Зрительные линии — это лучи, исходящие от глаза и образующие «пирамиду», вершина которой помещается в глазу зрителя и основанием которой служит объект (см. 464). Учение Леонардо о пропорциях в значительной мере построено на этом оптическом законе. Теория зрительной пирамиды была разработана греками, а Леонардо вместе с Лукой Пачоли воспользовался ею для возвеличения роли математической перспективы в живописи.

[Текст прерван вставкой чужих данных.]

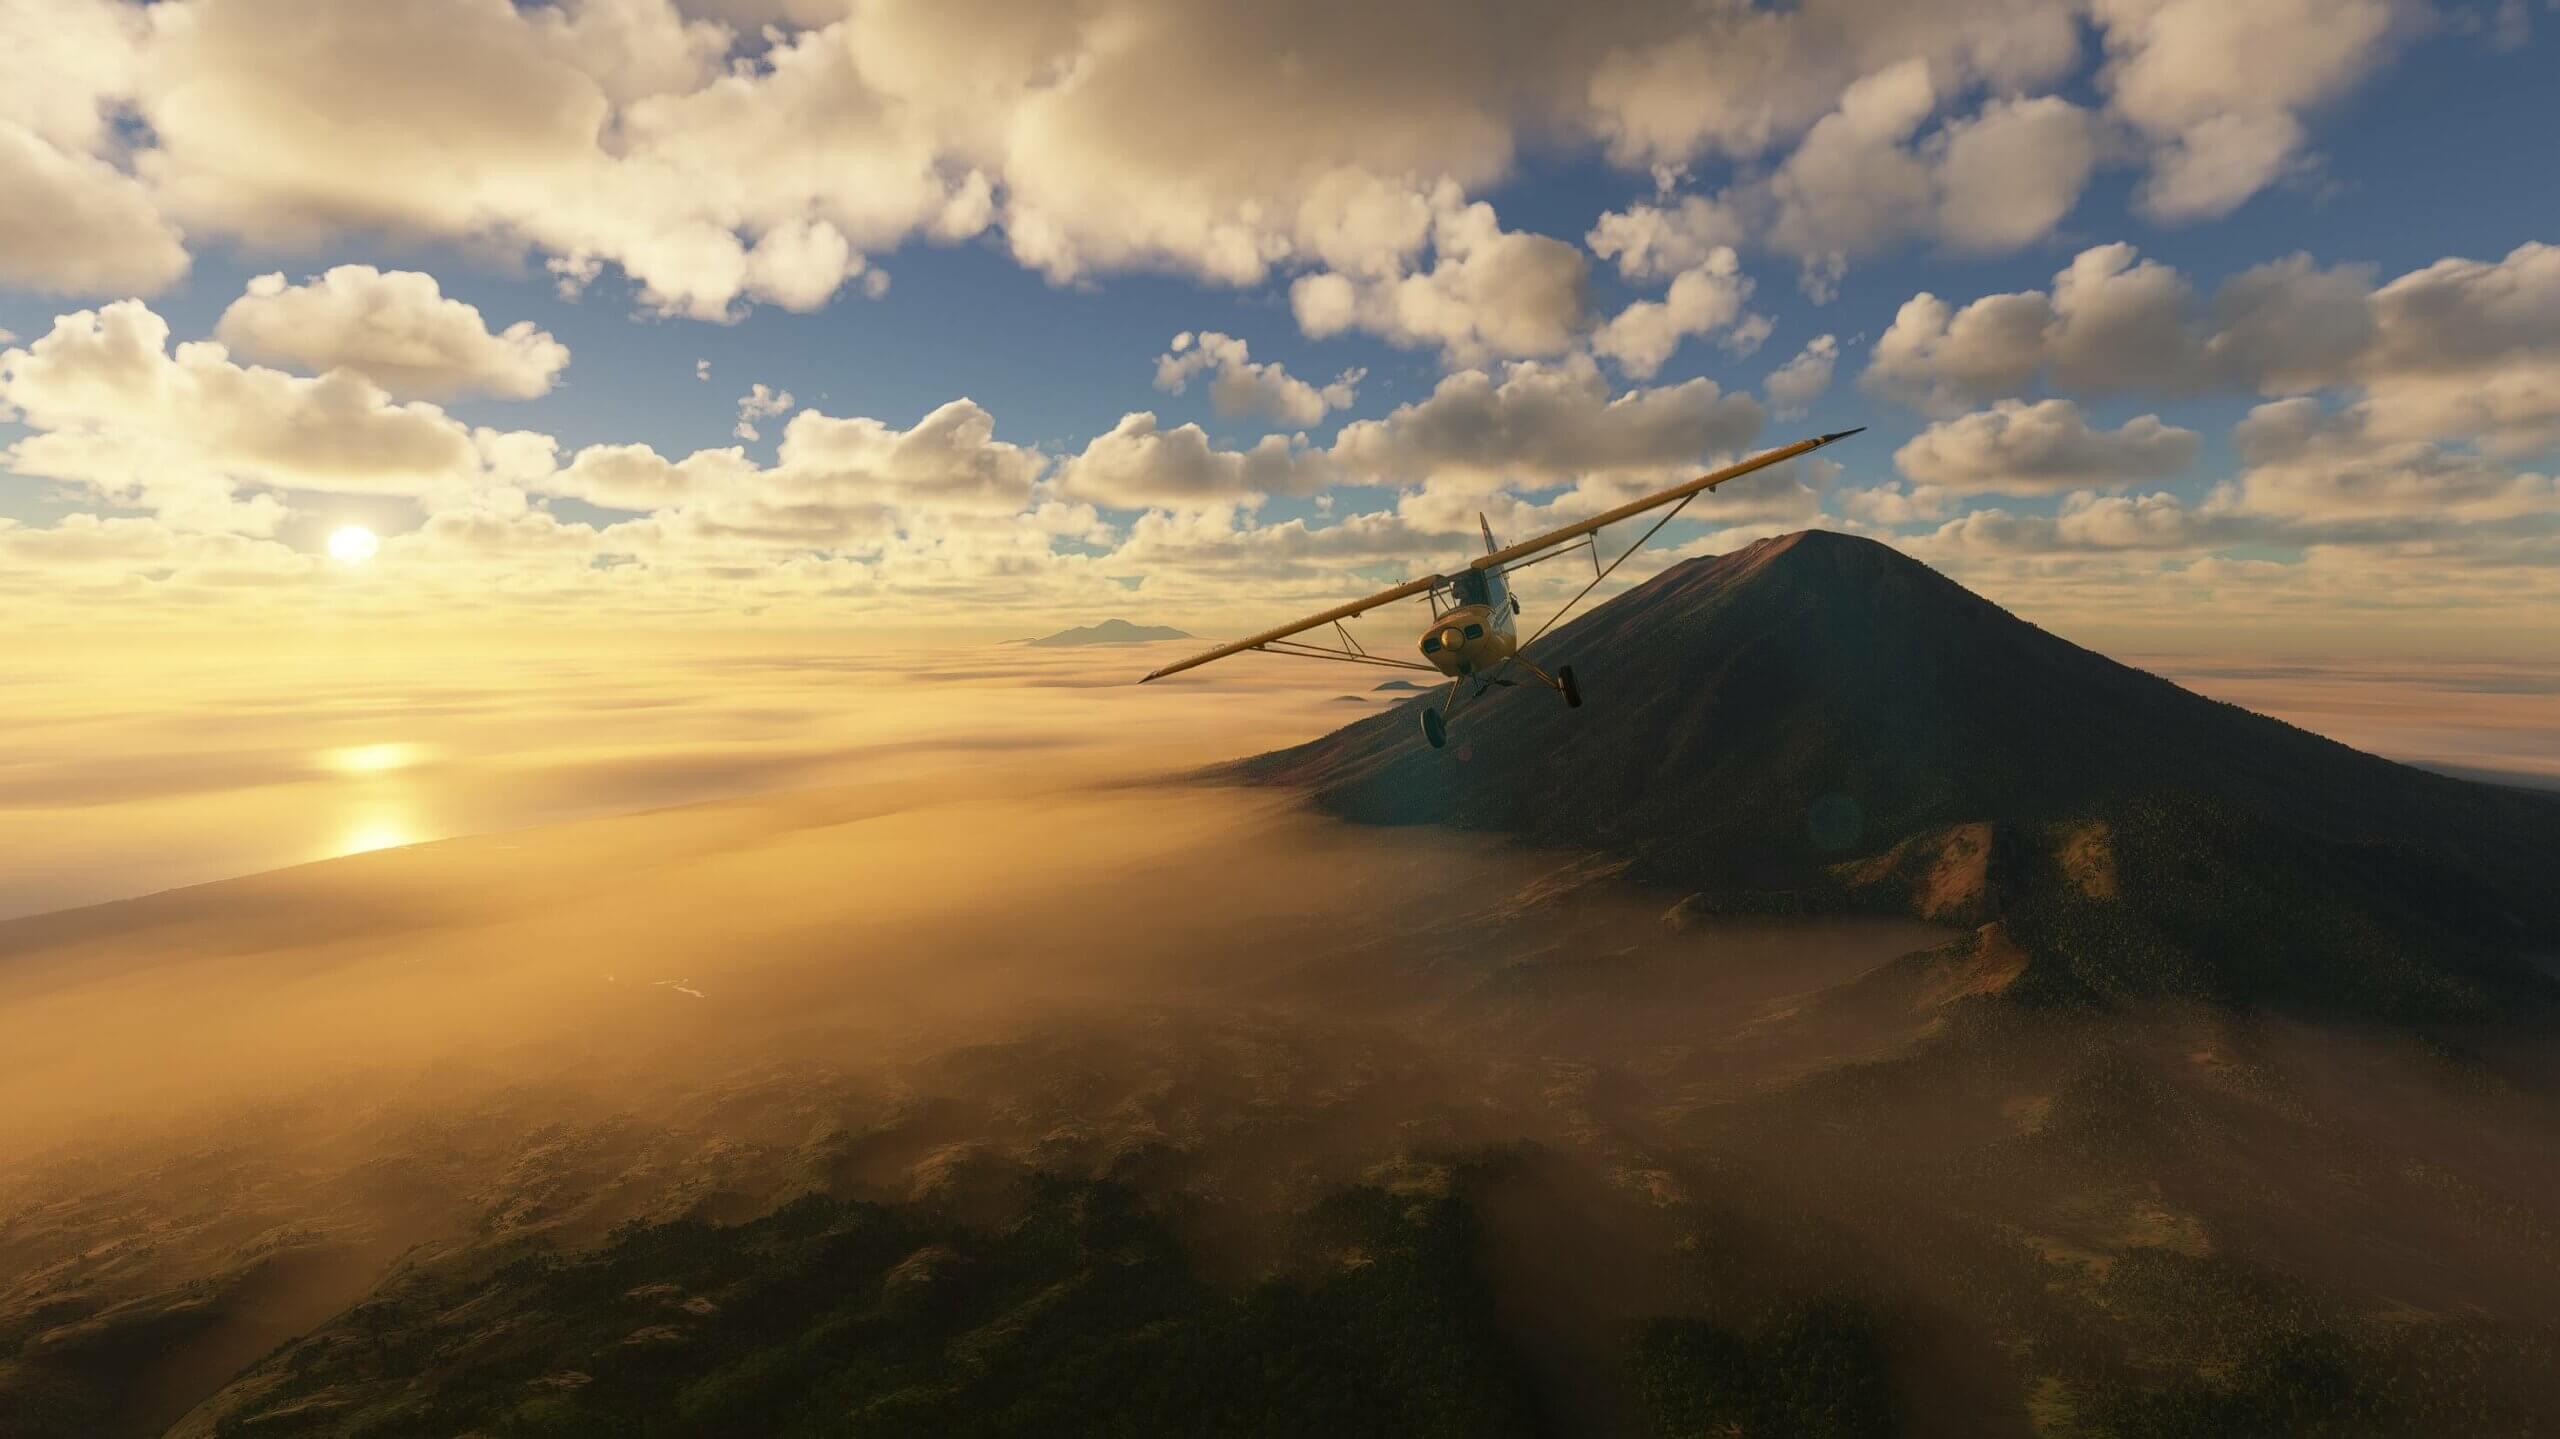 Bali-Batur-Screenshot-by-Jannik207-scale
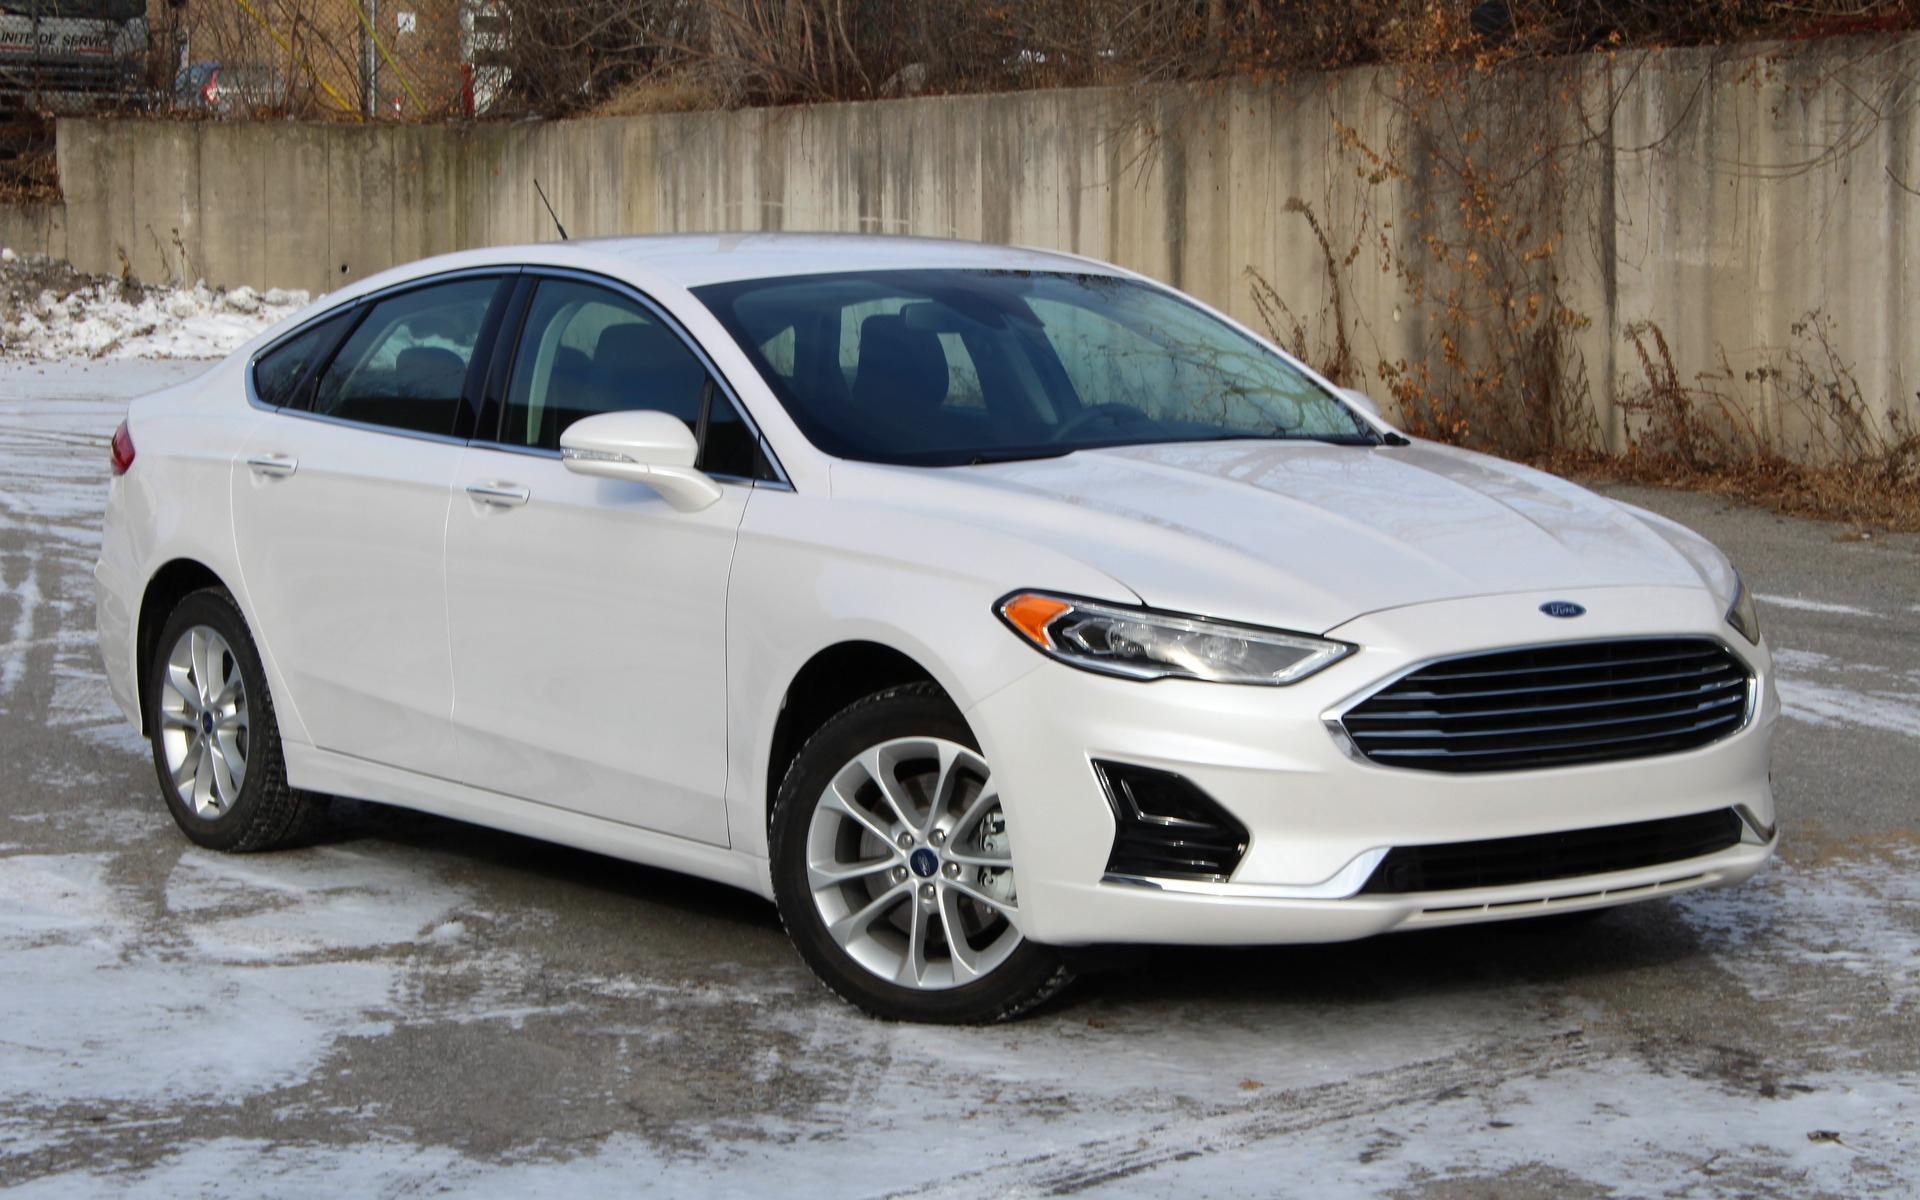 Ford Fusion Energi 2019 : Débranchement Imminent - Guide Auto

В аналогичном месте Альберти ссылается на «взгляды философов»; здесь нужно понимать теории, перешедшие из псевдоевклидовской оптики в арабскую оптику Альхазена и в средневековую физику Витело.
На различении прерывных и непрерывных величин — quantitá discontinue e continua — основывалось разделение двух математических дисциплин — арифметики и геометрии. Согласно математическим представлениям того времени, для Леонардо число являлось величиной прерывной, а пространство — непрерывной.
464 Т. Р. 11.
Глаз на соответствующем расстоянии и в cоответствующей среде меньше ошибается в своем служении, чем всякое другое чувство, потому что он видит только по прямым линиям, образующим пирамиду, основанием которой делается объект, и доводит его до глаза, как я это намереваюсь доказать. Ухо же сильно ошибается в местоположении и расстоянии своих объектов, потому что образы их доходят до него не по прямым линиям, как до глаза, а по извилистым и отраженным линиям; и часто случается, что далекое кажется ближе, чем соседнее, в силу того пути, который проходят эти образы; хотя звук эха доносится до этого чувства только по прямой линии.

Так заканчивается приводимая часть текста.